• COLLECTED DATA:
========

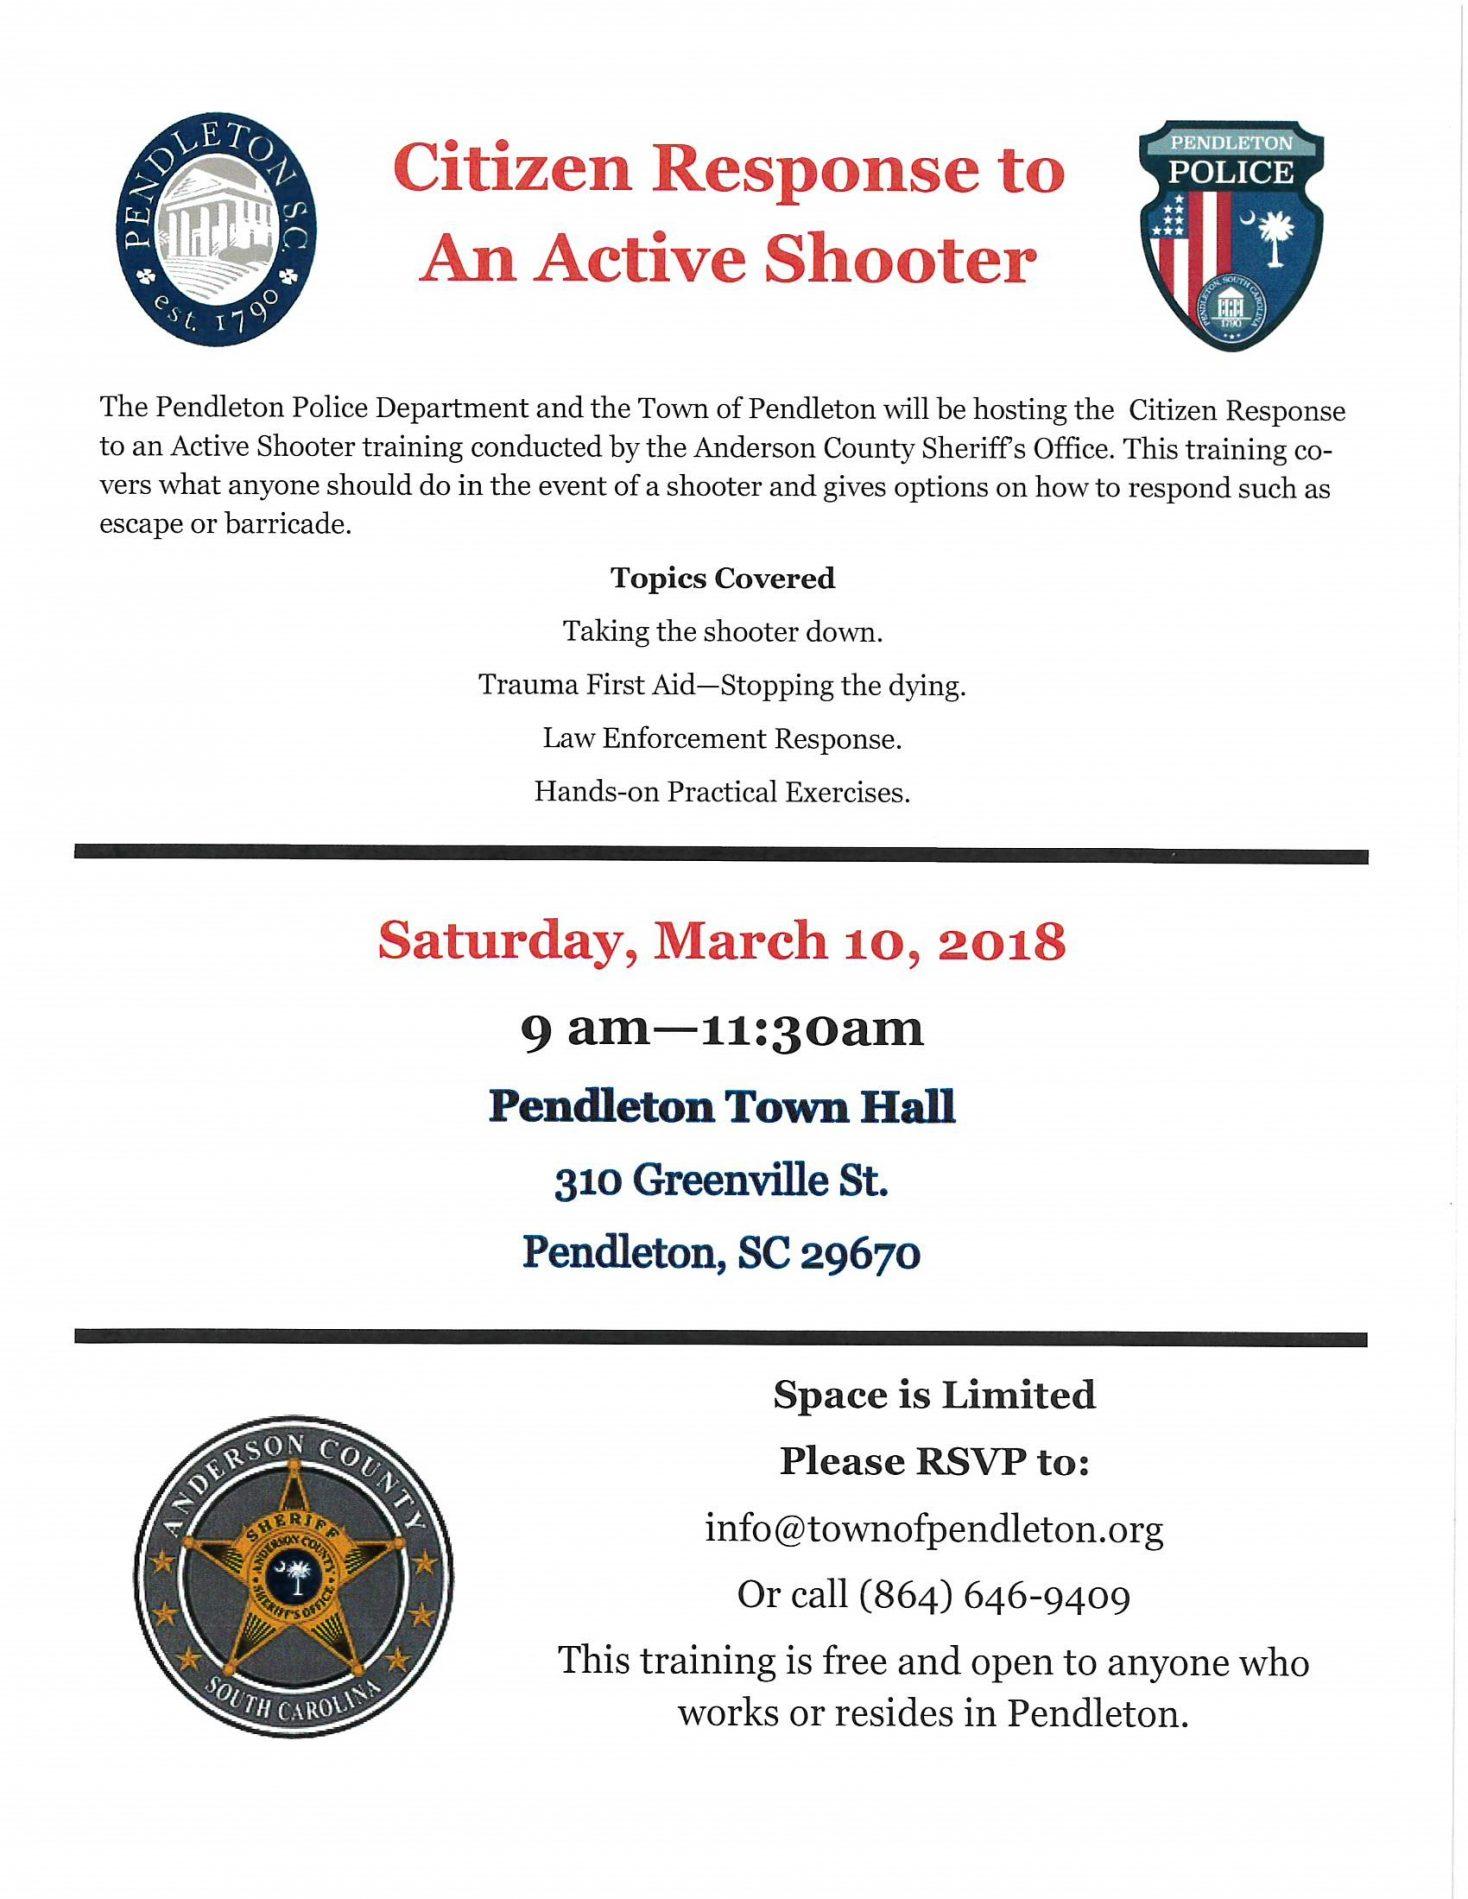 Citizen Response to An Active Shooter Training
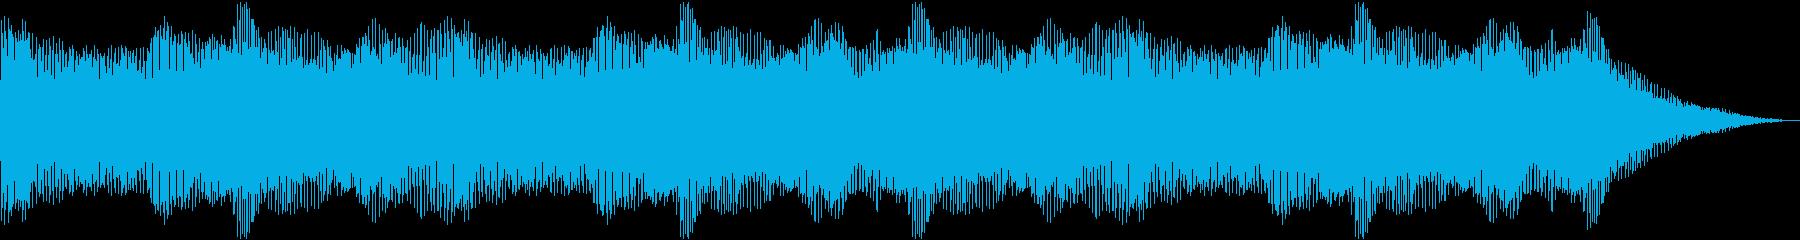 CINEMATIC DRONE 01の再生済みの波形
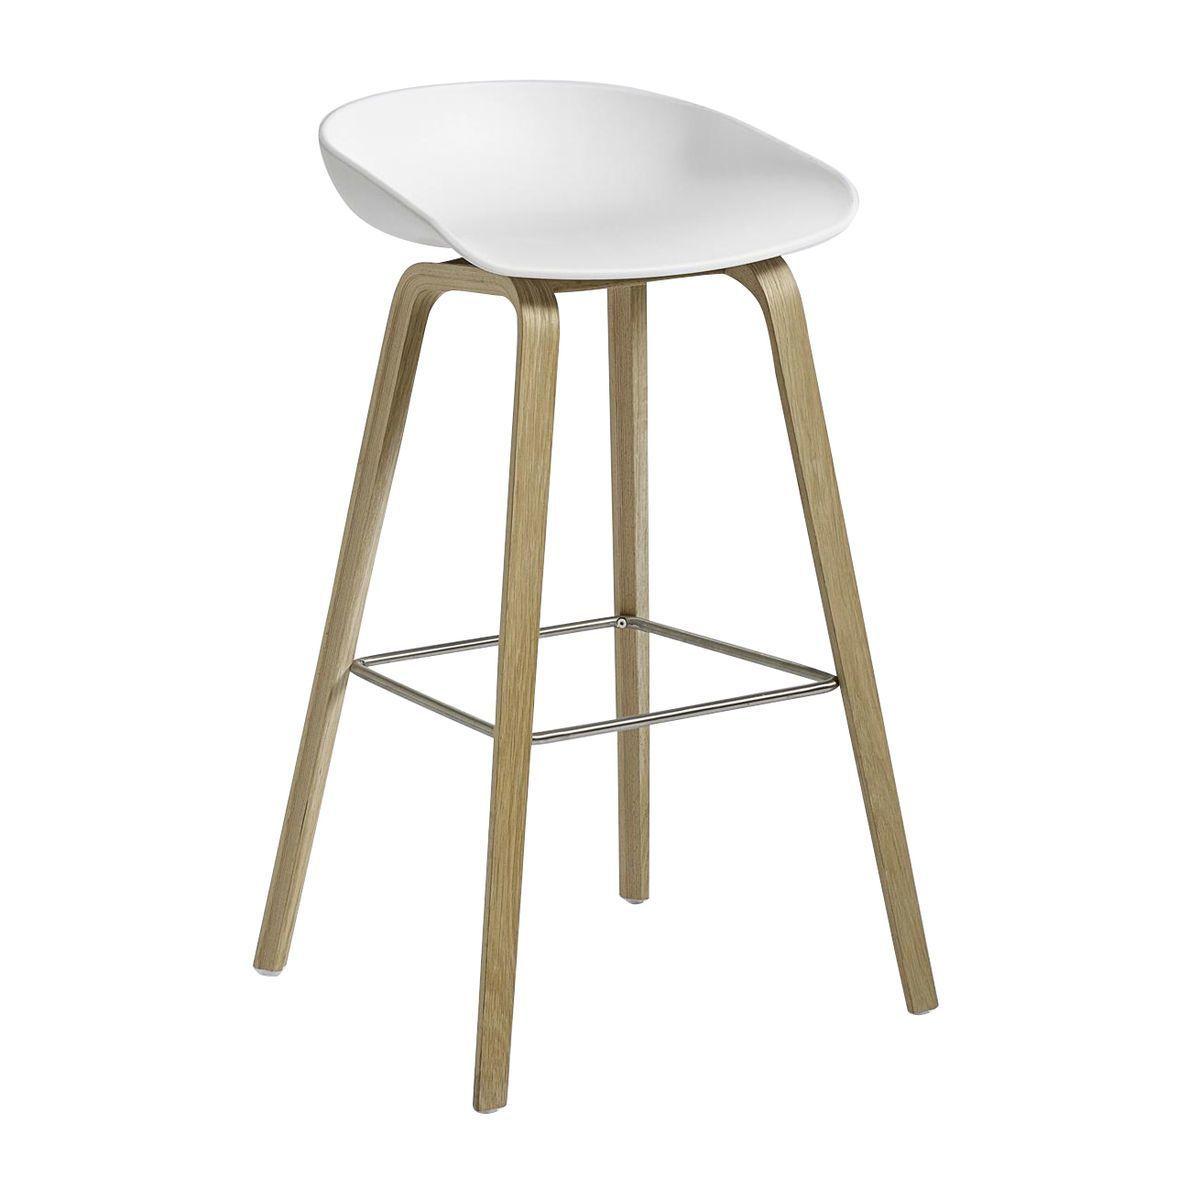 About a stool aas32 barhocker 75cm hay for Barhocker ersatzteile

========

• TASK: Would you give again exactly the lines from the line containing "CINEMATIC DRONE 01の再生済みの波形" through the end of the listing, both ends included, without any pictures?

• ANSWER FOR THE TASK:
 CINEMATIC DRONE 01の再生済みの波形
 About a stool aas32 barhocker 75cm hay for Barhocker ersatzteile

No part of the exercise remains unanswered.